Ebbene, così motivando, i Giudici di appello non hanno spiegato perché tali argomentazioni dovessero ritenersi più attendibili e più convincenti di quelle formulate da tutti gli altri Consulenti, secondo i quali, in ragione delle caratteristiche del tumore e della giovane età della paziente, un intervento di mastectomia totale sarebbe stato in ogni caso consigliabile. La scelta del Giudice di merito, costituisce come noto un giudizio di fatto non censurabile in sede di legittimità ma, della scelta della tesi maggiormente condivisibile tra quelle prospettate dai Consulenti la sentenza deve darne conto con motivazione accurata e approfondita.

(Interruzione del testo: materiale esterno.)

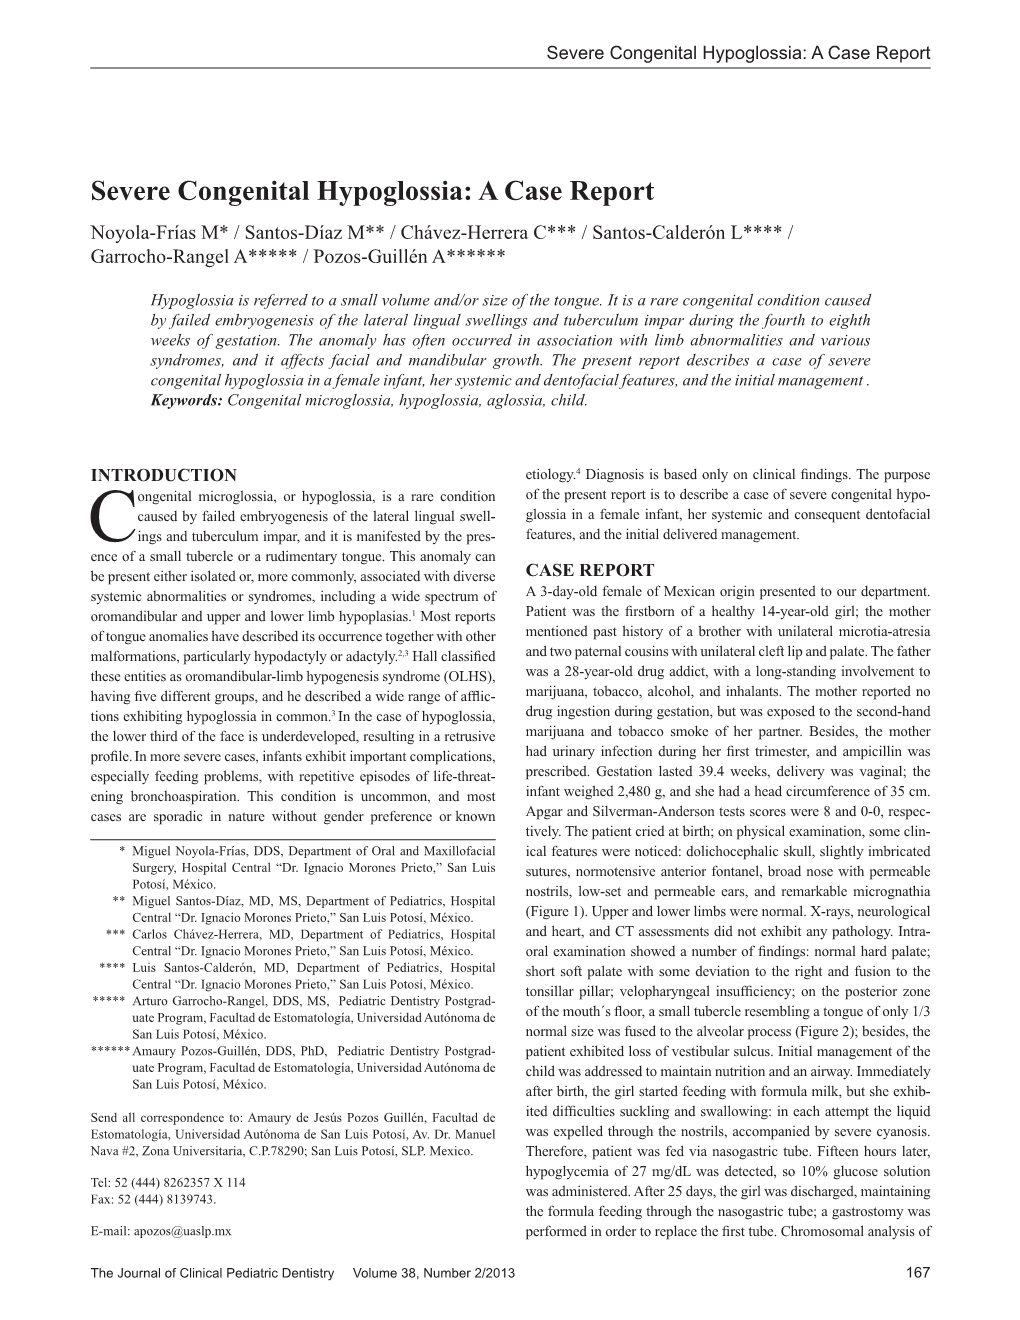 Severe Congenital Hypoglossia: a Case Report

Nel caso di specie la Corte territoriale ha ritenuto che il ritardo diagnostico abbia causato una lesione rilevante ai sensi dell’art. 590 c.p. non soltanto perché rese necessaria la mastectomia totale eseguita il 28 ottobre 2008, ma anche perché determinò un significativo aggravamento della neoformazione mammaria. La sentenza impugnata sostiene dunque che, se pure non vi fu tra giugno e ottobre un significativo cambiamento nella stadiazione del tumore, tuttavia, vi fu una crescita del volume del nodulo neoplasico e tale aumento dimensionale costituisce un aggravamento della malattia penalmente rilevante ai sensi dell’art. 590 c.p..

Dalla lettura delle sentenze di primo e secondo grado emerge che l’aggravamento dimensionale del nodulo è stato documentalmente accertato in giudizio. L’ecografia eseguita aveva rilevato l’esistenza di una “grossolana formazione solida a profili polilobulati tra i quadranti esterni” indicandone la misura in 3,5×2,8 cm. e da referto istologico del 13 ottobre 2008 risulta che la formazione asportata il precedente 10 ottobre era costituita da due noduli – oppure (il dato non è chiarito) da un unico modulo frammentato in due le cui dimensioni erano rispettivamente 4,5x4x2,5 cm e 3,5x2x1 cm. La sentenza di primo grado sottolinea che una così rilevante differenza dimensionale non è spiegabile con la diversità delle tecniche di misurazione e che tale differenza è “del tutto compatibile con l’elevatissimo indice di accrescimento delle neoplasie mammarie” rilevabile in una donna di 35 anni.

Ciò posto, l’indirizzo giurisprudenziale richiamato dai ricorrenti sulla nozione di “malattia” non esclude che l’aggravamento di una malattia possa essere, esso stesso, una malattia penalmente rilevante e non solo in relazione al maggior tempo necessario per determinare la guarigione o la stabilizzazione del processo patologico.  Ma se il nodulo è una malattia, allora l’aumento delle sue dimensioni, anche se inidoneo a determinare un cambiamento del livello di stadiazione del tumore, di quella malattia costituisce un “aggravamento” e cagionare l’aggravamento equivale a cagionare la malattia.

Per quanto esposto, la sentenza impugnata viene confermata.